The FTC lost a recent enforcement action because it had not proven that the defendant’s actions had caused or were likely to cause substantial injury to consumers. Without this proof of injury, there was no unfair act or practice.
The FTC had charged a medical lab (LabMD) with engaging in unfair practices by having inadequate cybersecurity.
The case began when a security company reported to LabMD that its file with patient information had been disclosed on a peer-to-peer file-sharing network. A disgruntled former employee of the security company testified that there was no evidence that anyone else had downloaded the file from the file-sharing network and the Administrative Law Judge (ALJ) found this employee more credible than the security company president who was trying to sell monitoring services to LabMD.

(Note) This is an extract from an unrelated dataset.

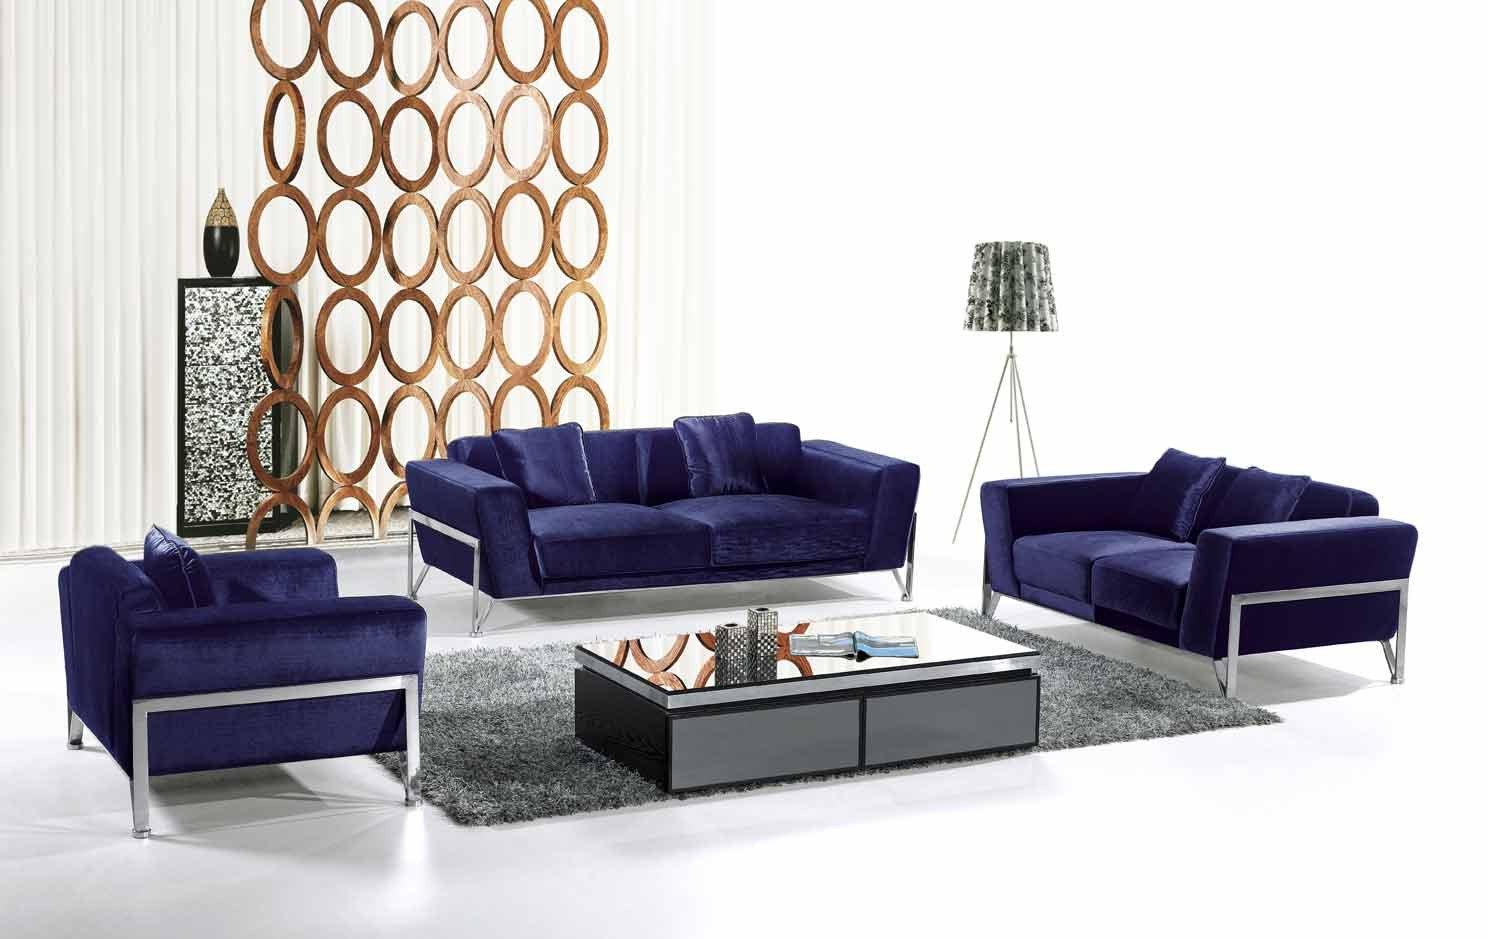 Living Room Furniture Ideas New Modern Living Room Furniture Ideas

There was no proof of anyone using the consumer information from the file in question. This is critical, because this is the basis for the dismissal of the FTC’s case. Without proof of substantial injury, the ALJ would not find that the lab had engaged in an unfair act or practice.
Section 5 of the FTC Act authorizes the FTC to determine that an act or practice is “unfair” if that act or practice “ causes or is likely to cause substantial injury to consumers which is  not reasonably avoidable by consumers themselves and  not outweighed by countervailing benefits to consumers or competition.” 15 U.S.C. 45(n). This is almost word for word the language used in the Dodd Frank Act to describe the limit on the CFPB’s authority to declare an act or practice to be unfair. 12 USCS § 5531
The FTC argued that it did not need to show that any individual had been harmed. It argued that its expert witness evidence had shown that this type of breach was likely to cause substantial injury to consumers and put them at significant risk of identity crimes.
The ALJ found the evidence too speculative and noted that there have been no court decisions where unfair acts or practices were found without a showing of actual consumer harm.
In this case, the ALJ found that it was just as likely that consumers would suffer no harm since there was no credible evidence that the data had been downloaded by anyone other than identified parties who would not use the information nefariously. The ALJ also discounted the likelihood of harm, given that there was not one individual whose information had been used improperly in the seven years following the incident.
So often, we see FDCPA cases where judges decide the impact of an act or practice on a theoretical unsophisticated consumer, or decide what third parties think when they see a string of numbers showing through a window envelope. This is just one decision, but it is an encouraging limit on how far the FTC or CFPB can go in declaring acts or practices to be unfair.